/ domingo 2 de agosto de 2020

Pandemia de desconfianza

Todo indica que esta crisis se ha llevado este año por delante y apenas veremos la luz al final del túnel hasta muy cerca de que termine el 2020. Es decir, la contingencia y las medidas sanitarias, con el riesgo de un rebrote o de nuevos periodos de confinamiento, seguirán presentes hasta que no tomemos una decisión social, generalizada, de cuidar y cuidarnos entre todas y todos.

Lo que al inicio de esta inédita crisis se veía como una oportunidad única para mejorar como sociedad, hoy provoca enormes dudas sobre la manera en que nos solidarizamos y podemos organizarnos para enfrentar lo desconocido.
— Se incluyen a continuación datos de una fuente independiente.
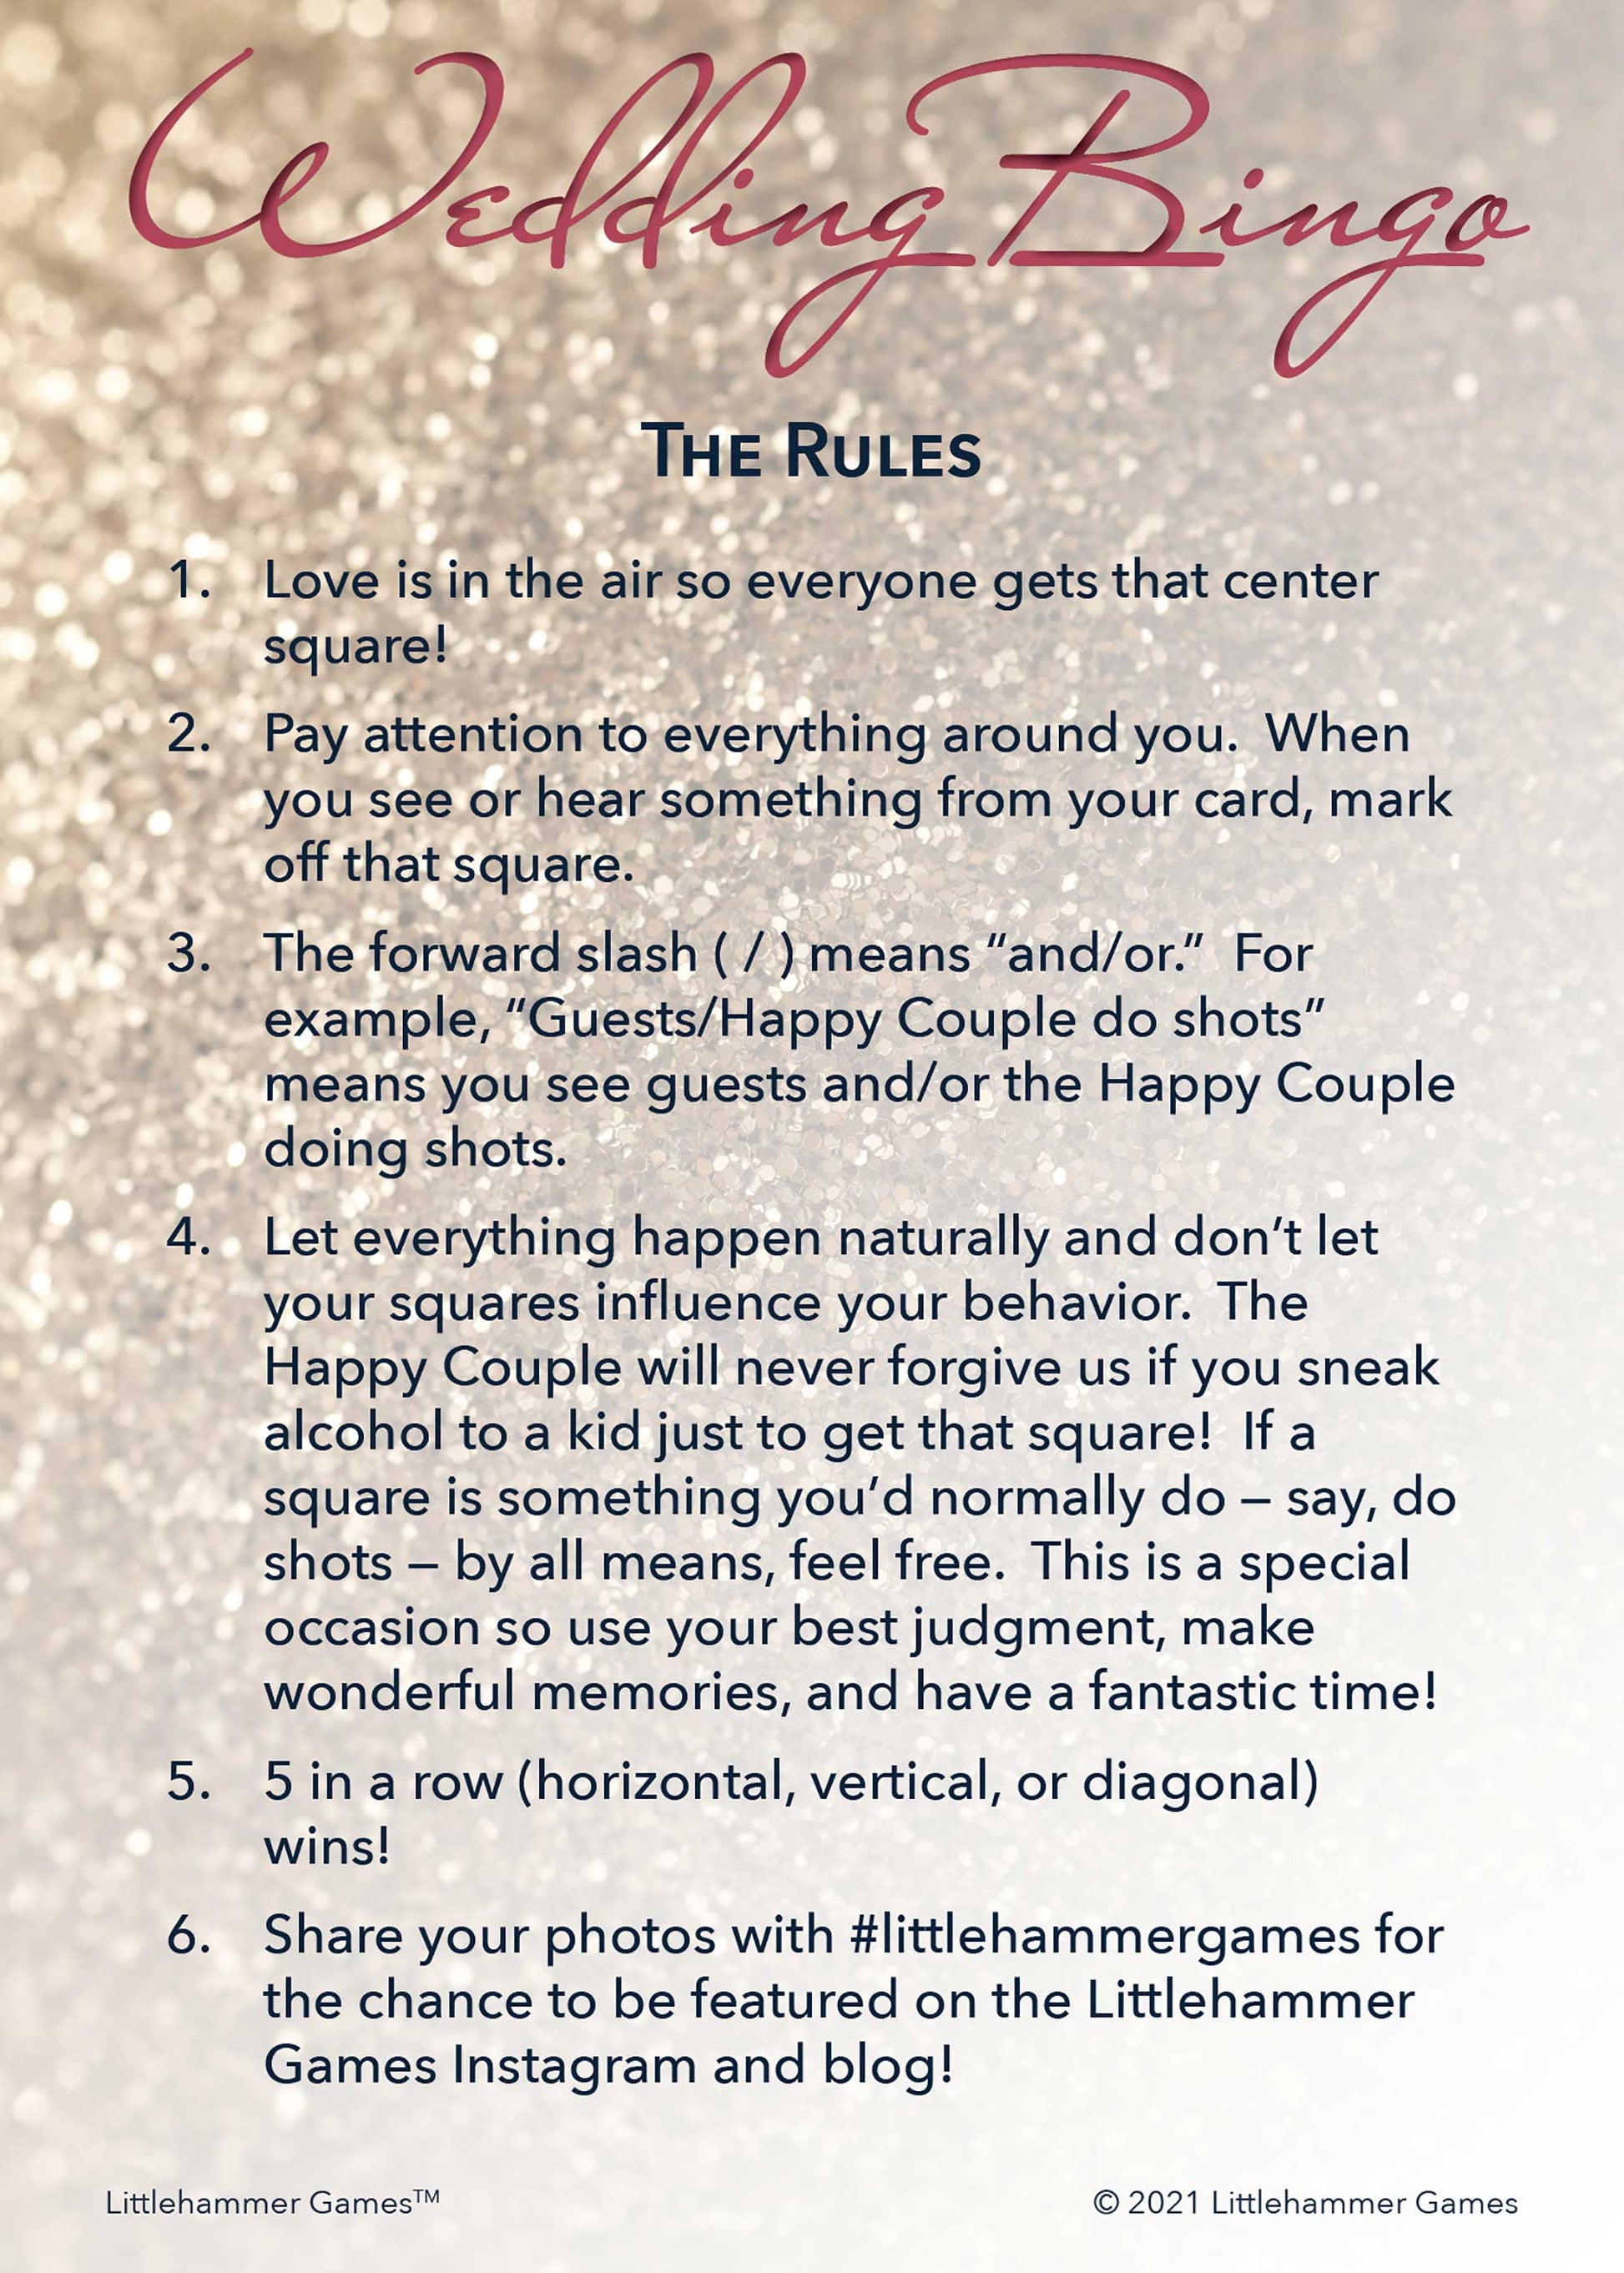 Wedding Bingo rules card on a glittery rose gold background

Por los resultados hasta el momento de contagios y la velocidad con la que disminuye la pandemia, parece que nos hemos puesto el pie solos.

Con una estrategia federal para no saturar hospitales y hacer voluntarias las acciones que podían confinar el virus y romper su cadena de transmisión, las y los mexicanos tuvimos que quedarnos en nuestros hogares a inicio de un marzo que se ve lejano, ahora que ya entramos en agosto, y -a pesar de ello- las recomendaciones de no salir y no estar en grupo siguen siendo las principales peticiones para tratar de evitar el crecimiento de los contagios.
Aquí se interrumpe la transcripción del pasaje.